SOS1-IT1 is upregulated under hypoxia and directly transactivated by HIF-1α
To further confirm whether SOS1-IT1 was a functional effector of hypoxia in EC progression, we treated Ishikawa cells with hypoxia or its chemical inducer CoCl2 for 24 h, and found the expression level of SOS1-IT1 was significantly increased (Figure 9A). Besides, the expression level of SOS1-IT1 was significantly decreased after knocking down HIF-1α, which is the main signaling pathway response component to hypoxia, both in normoxia and hypoxia condition (Figure 9 B-C). After detecting of the upstream region (~1KB upstream) of SOS1-IT1 gene by promoter sequence analysis, we found a putative HIF-1α binding site in the promoter region of SOS1-IT1 gene (Figure 9D). We generated the mutant binding site of the reporter constructs, following with luciferase assays after transfection of different reporter constructs in EC cells. Under normoxia conditions, there was no much difference of luciferase activity in SOS1-IT1 wild type (WT) or mutant, as well as empty vector group. However, under hypoxic conditions, there was a nearly six-fold induction of luciferase activity in SOS1-IT1 WT construct.
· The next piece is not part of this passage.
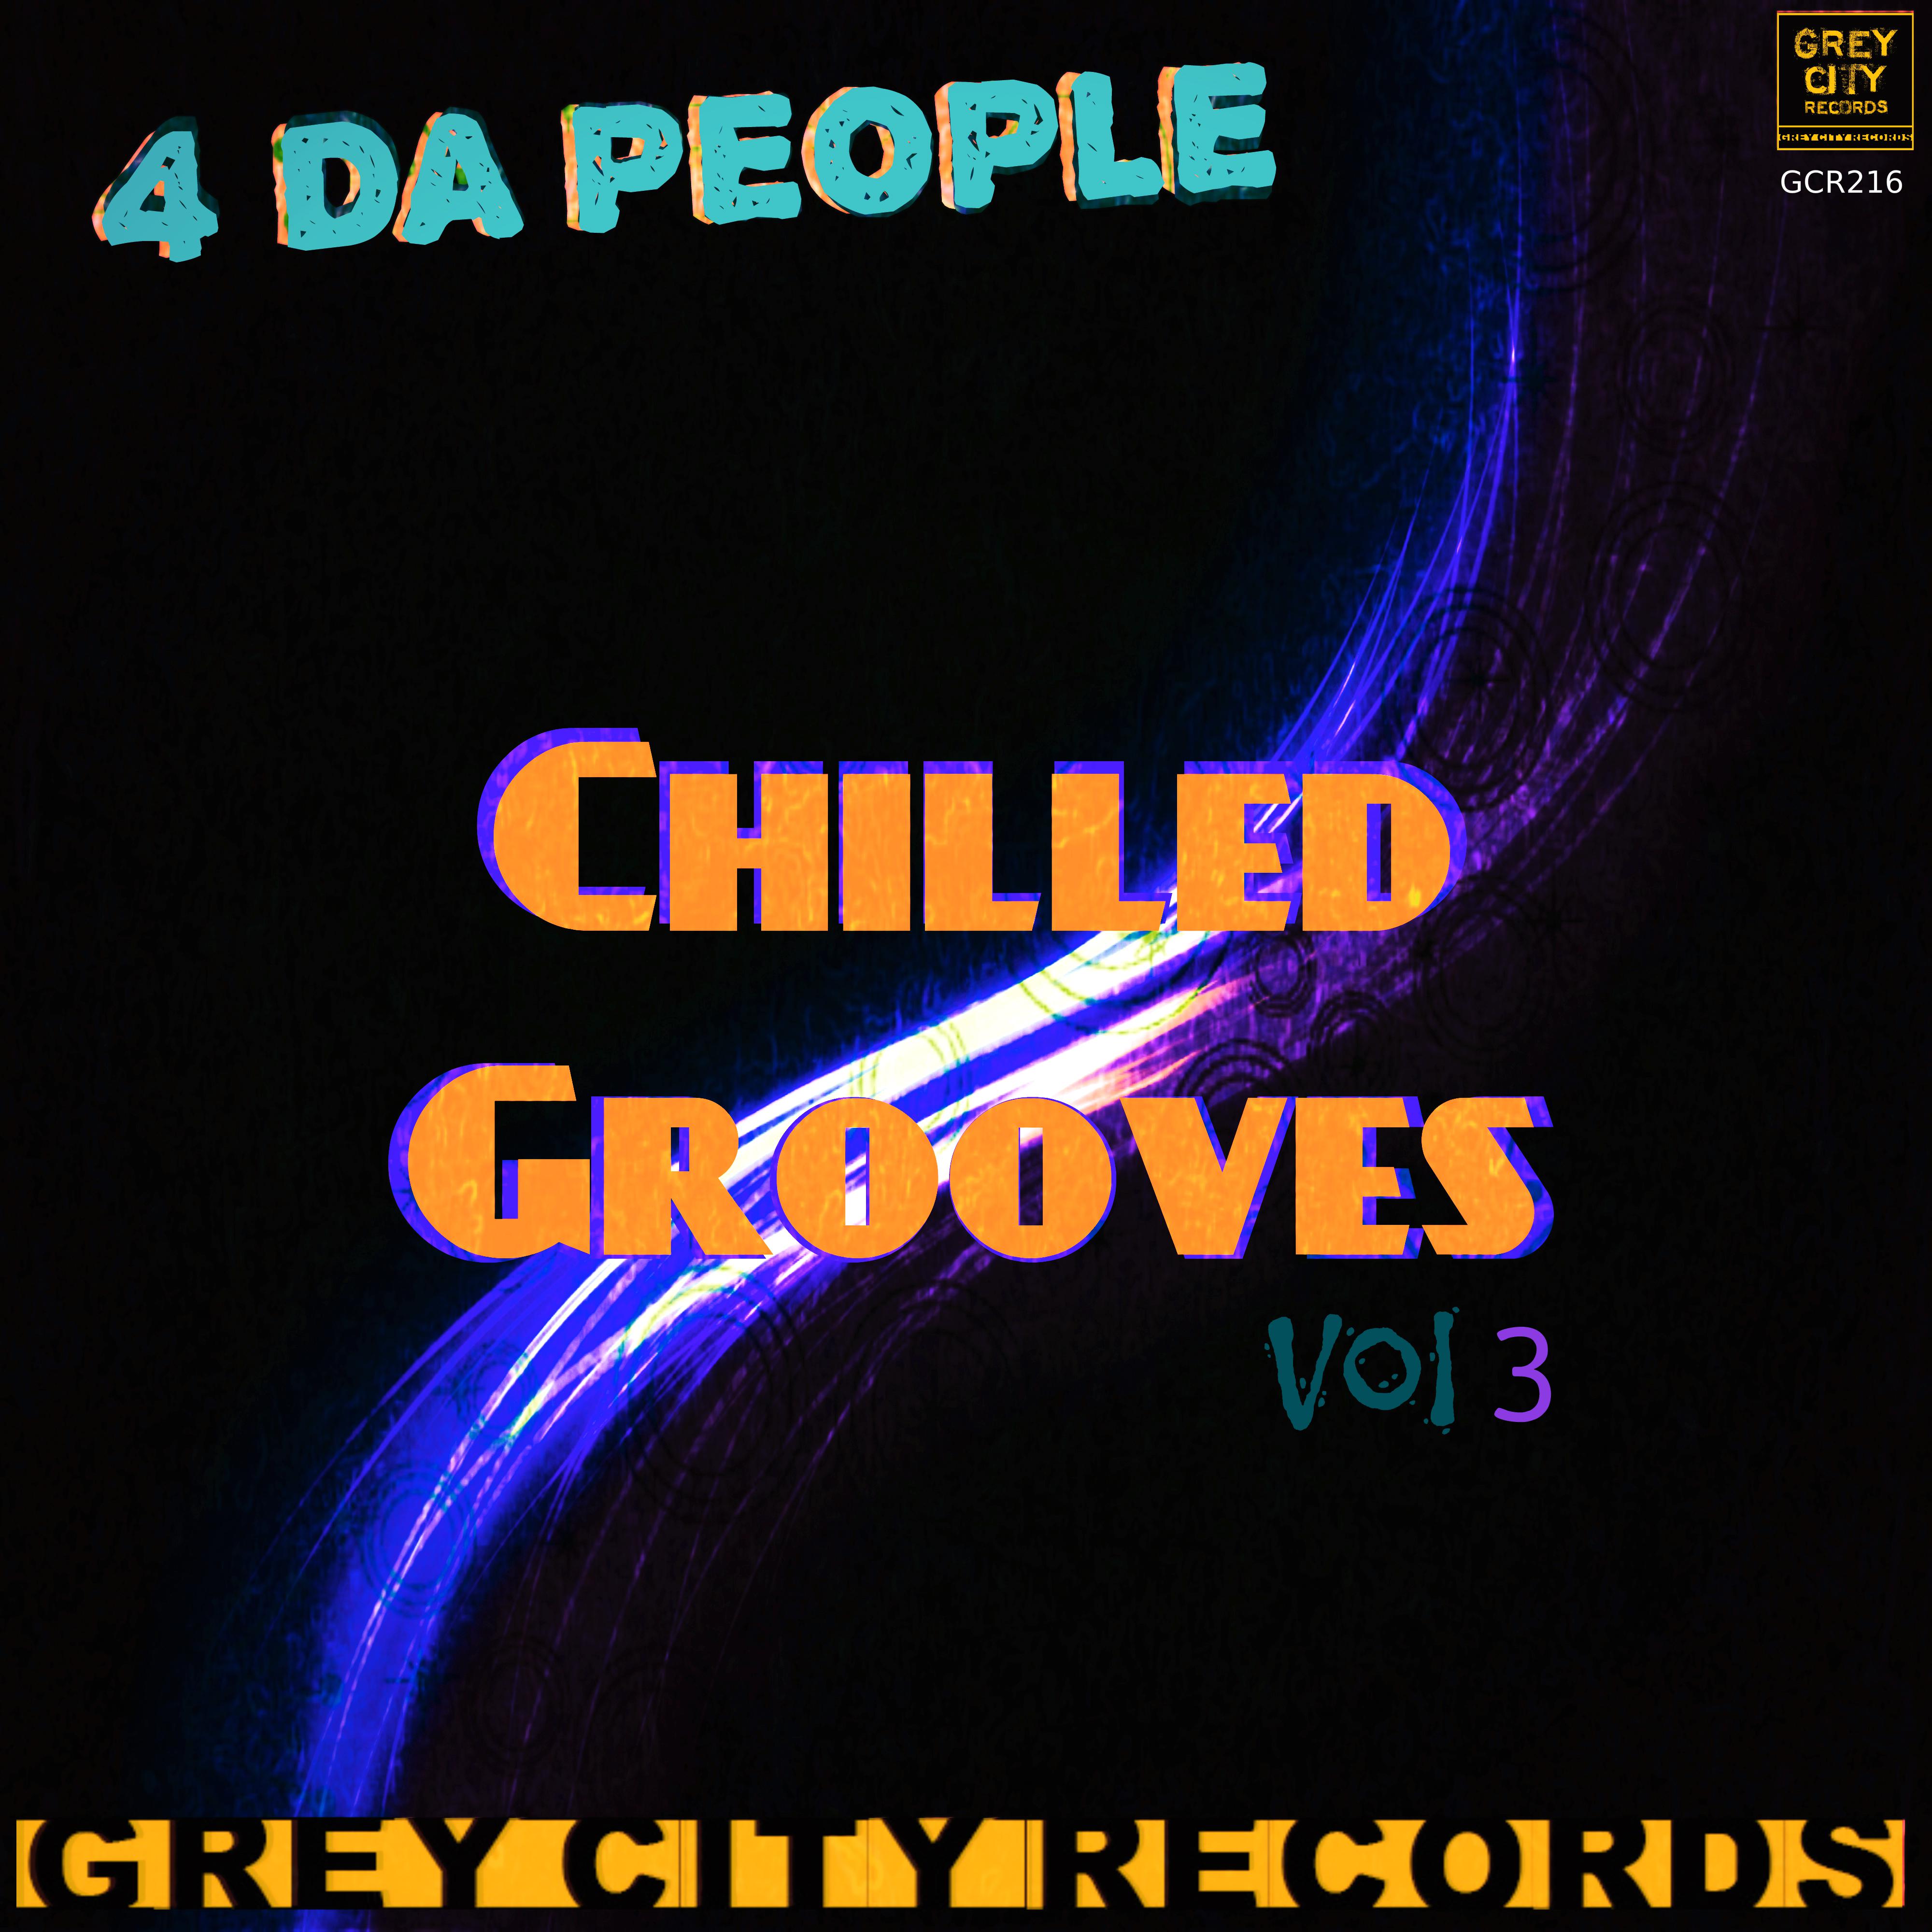 Chilled Grooves, Vol. 3
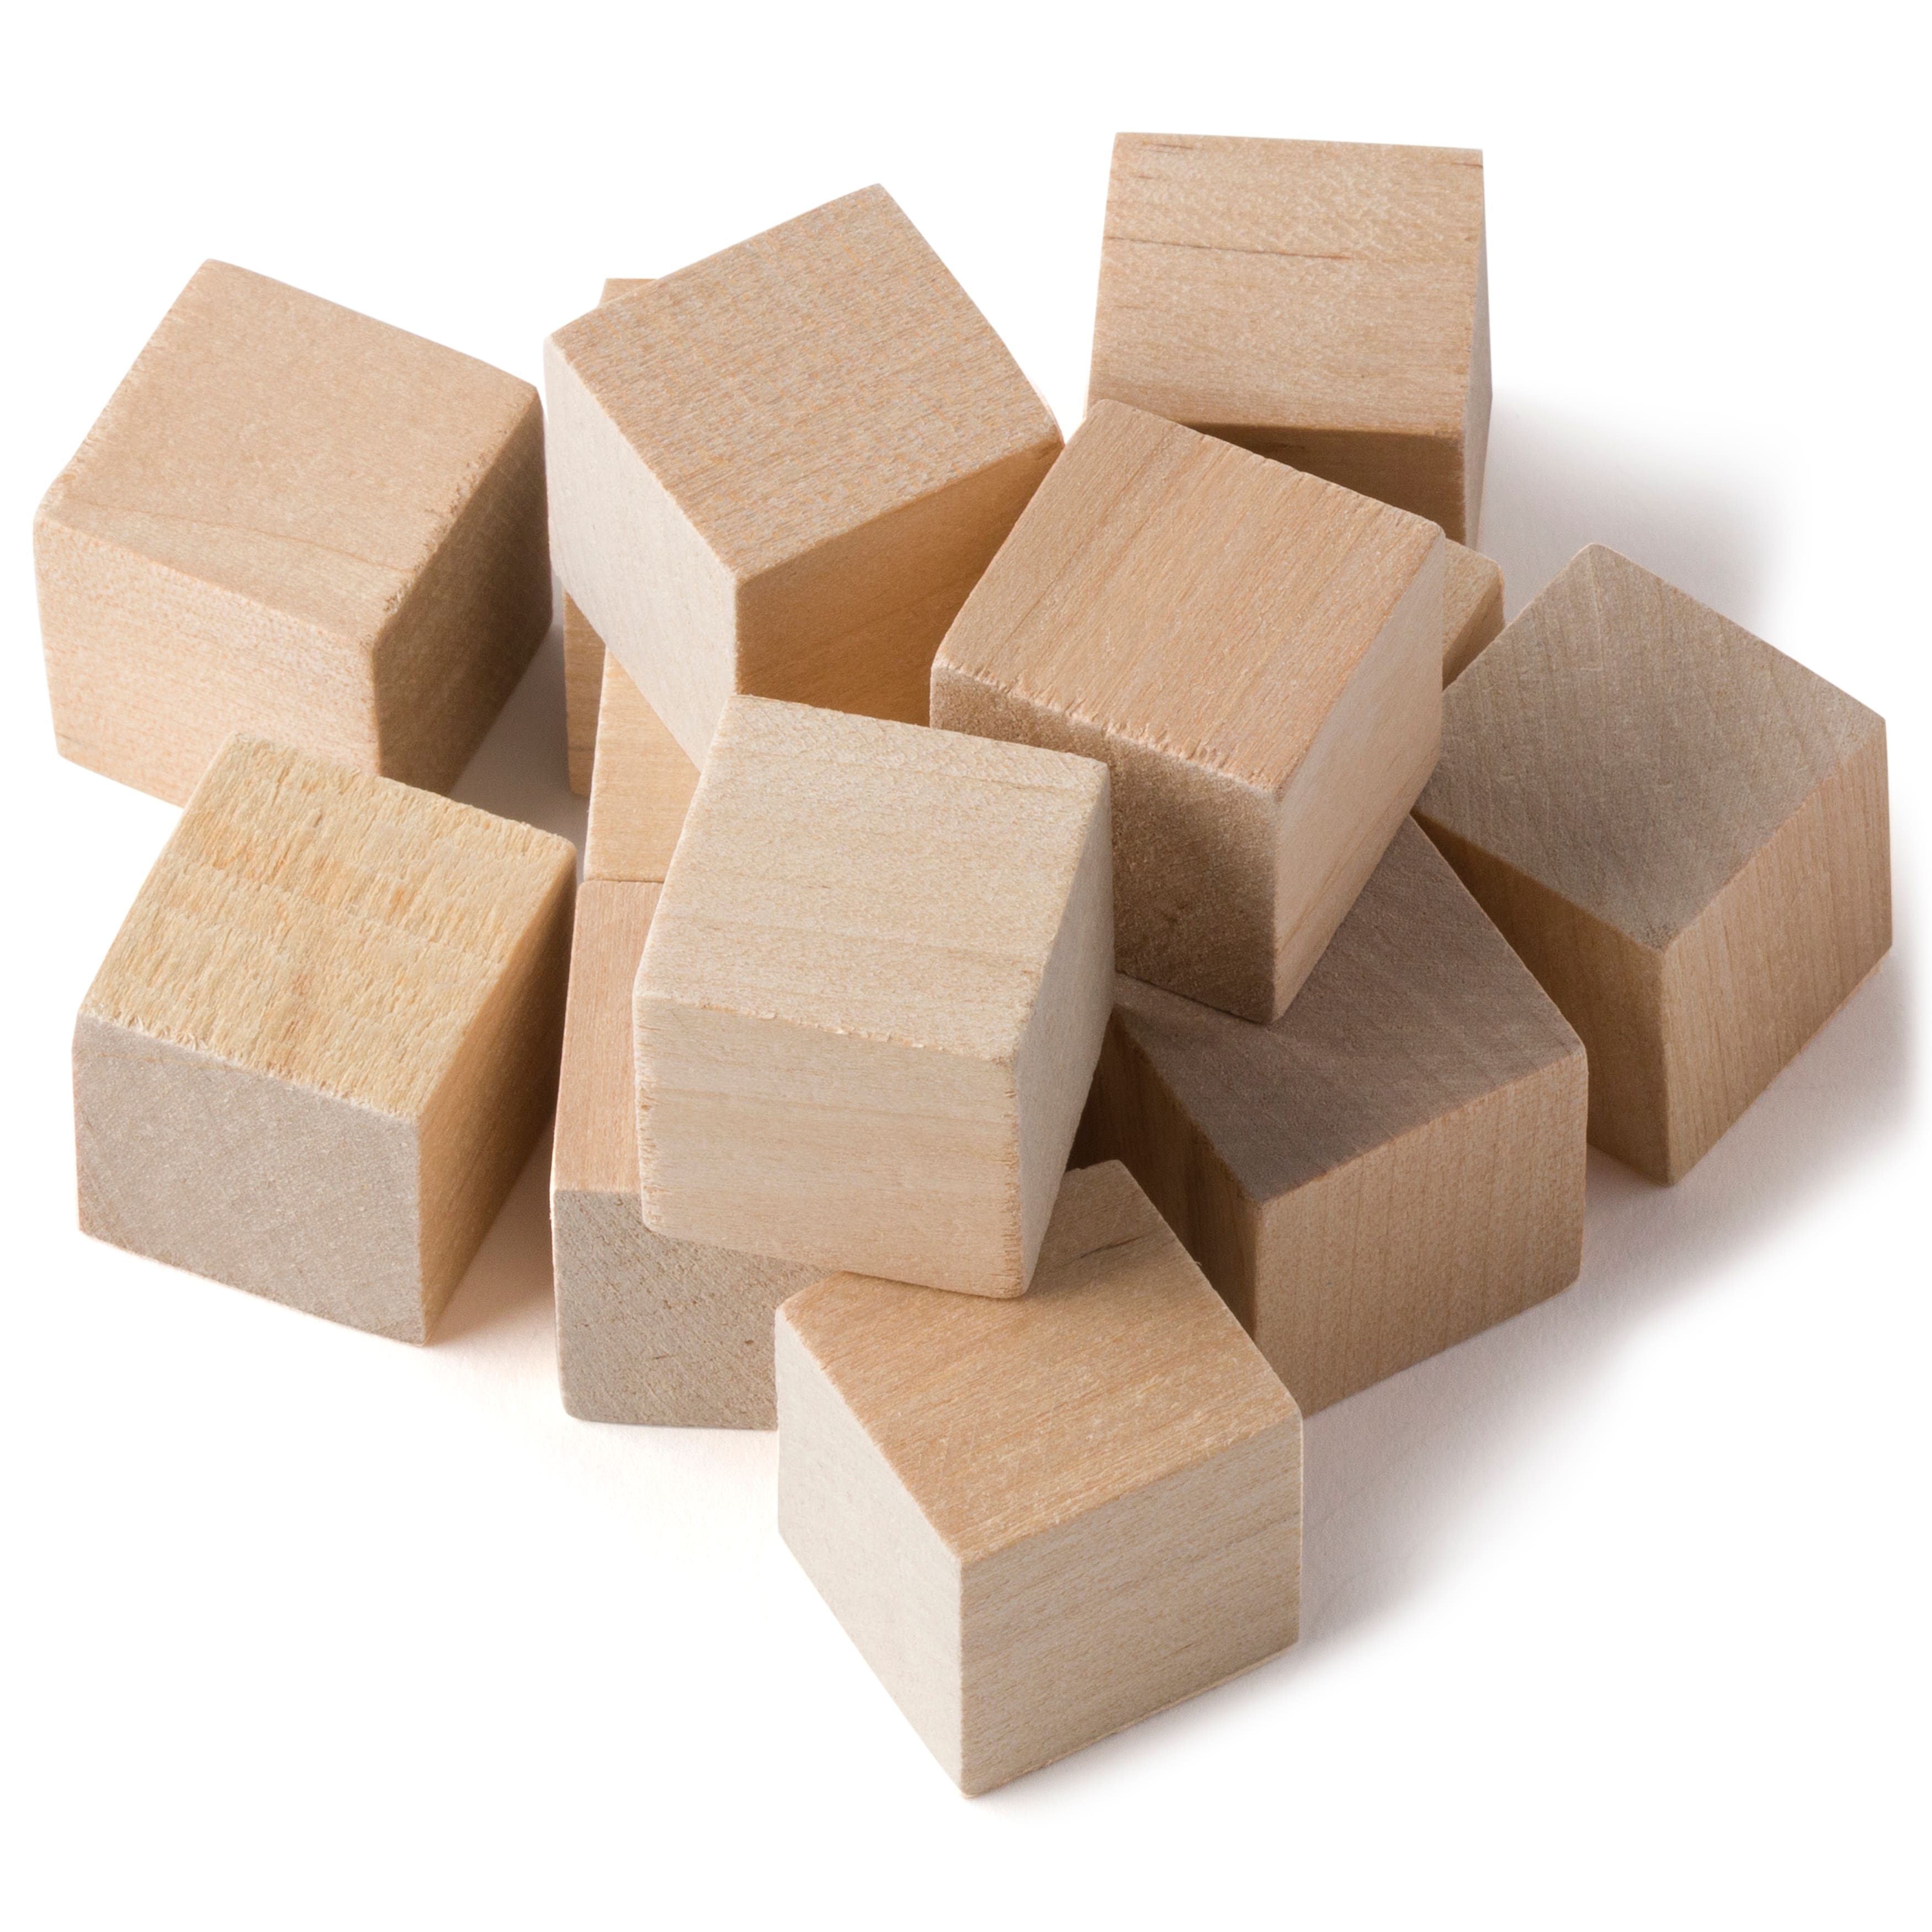 ArtMinds 1 Square Wood Blocks - 1 in

Mutation in SOS1-IT1 promoter decreased the luciferase activity to nearly basal levels caused by hypoxia (Figure 9E). Besides, the Chromatin immunoprecipitation (ChIP) assays confirmed that HIF-1α directly bind to the promoter region promoter of SOS1-IT1 (Figure 9F). Next, we knocked down HIF-1α, and found HIF-1α suppression remarkably repressed the luciferase density in cells with WT promoter, but not in mutant group (Figure 9G). Moreover, SOS1-IT1 silencing partially reduced EC cell proliferation ability by hypoxia condition or HIF-1α overexpression (Figure 9H-J). Totally, these results intensively indicated that SOS1-IT1 was upregulated under hypoxia and a direct transcriptional target of HIF-1α.